A system comprising:
one or more data processing devices; and
one or more machine-readable hardware storage devices for processing data to determine a likelihood score that a subject has breast cancer, by storing instructions that are executable by the one or more data processing devices to perform operations comprising:
inputting, into a classifier, data representing one or more values for a classifier parameter, wherein the one or more values represent expression levels of a set of non-coding RNAs in a biological sample collected from the subject, with the classifier being for determining a score indicating whether the expression levels align more closely with (A) expression levels of the same set of non-coding RNAs in biological samples collected from a first group of individuals, each of whom has breast cancer, or with (B) expression levels of the same set of non-coding RNAs in biological samples collected from a second group of individuals, none of whom has breast cancer; and
determining, by the one or more data processing devices based on application of the classifier, the likelihood score that the subject has breast cancer,
wherein the set of non-coding RNAs comprises five or more non-coding RNAs selected from Table 1.

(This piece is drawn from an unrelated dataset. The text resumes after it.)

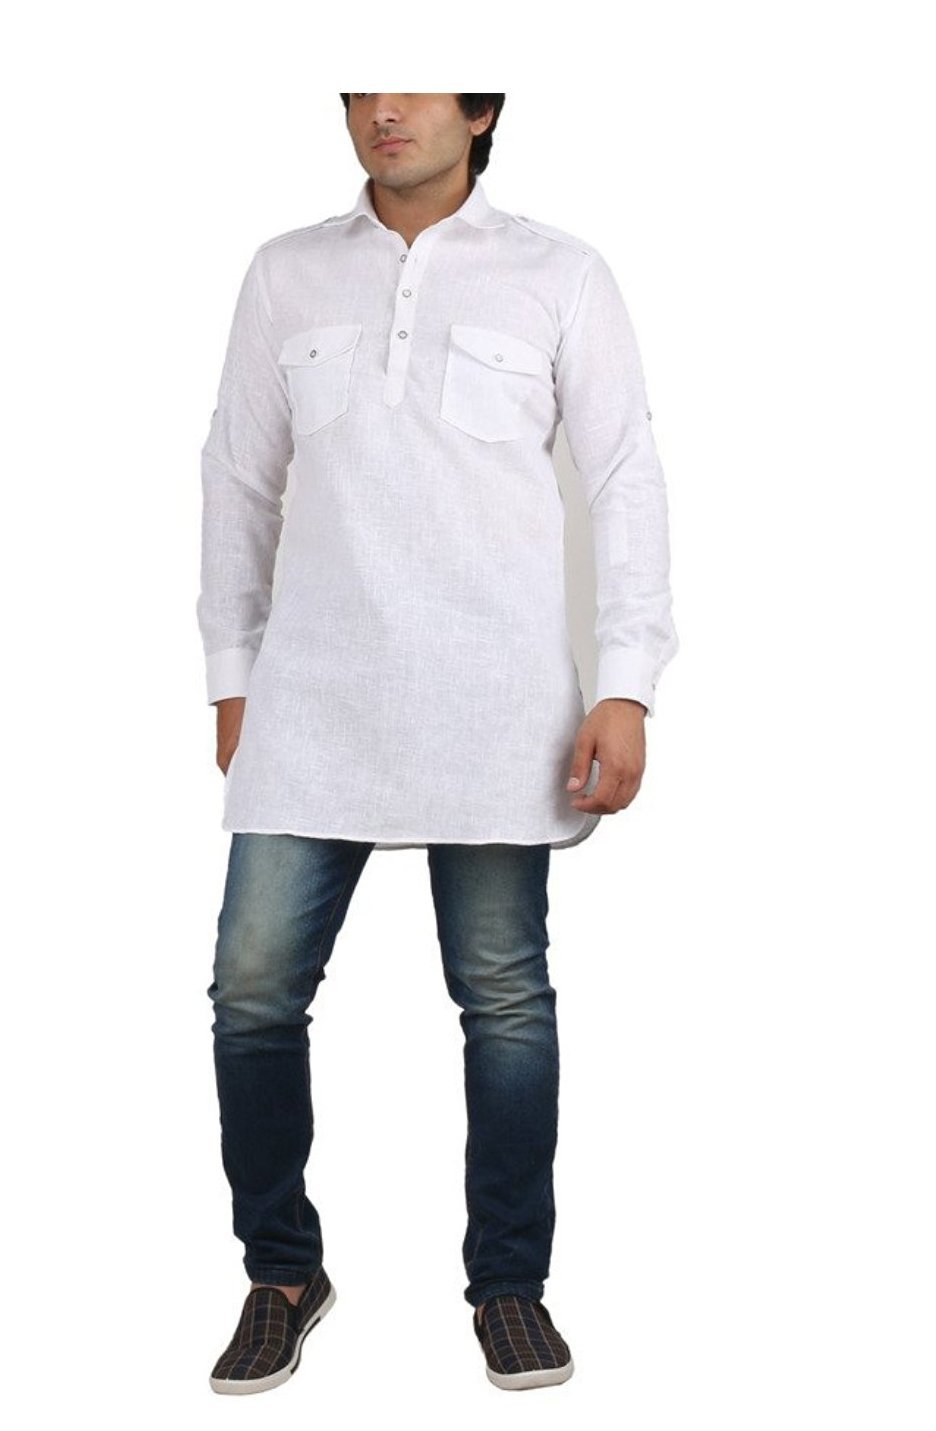 Royal Kurta Men's Fine Cotton Short Pathani Kurta For Denims 38 White

A computer-implemented method for processing data in one or more data processing devices to determine a likelihood score that a subject has a benign breast disease, the method comprising:
inputting, into a classifier, data representing one or more values for a classifier parameter, wherein the one or more values represent expression levels of a set of non-coding RNAs in a biological sample collected from the subject, with the classifier being for determining a score indicating whether the expression levels align more closely with (A) expression levels of the same set of non-coding RNAs in biological samples collected from a first group of individuals, each of whom has a benign breast disease and does not have breast cancer, or with (B) expression levels of the same set of non-coding RNAs in biological samples collected from a second group of individuals, each of whom has breast cancer; and
determining, by the one or more data processing devices, based on application of the classifier, a likelihood score that the subject has a benign breast disease and does not have breast cancer,
wherein the set of non-coding RNAs comprises five or more non-coding RNAs selected from Table 1.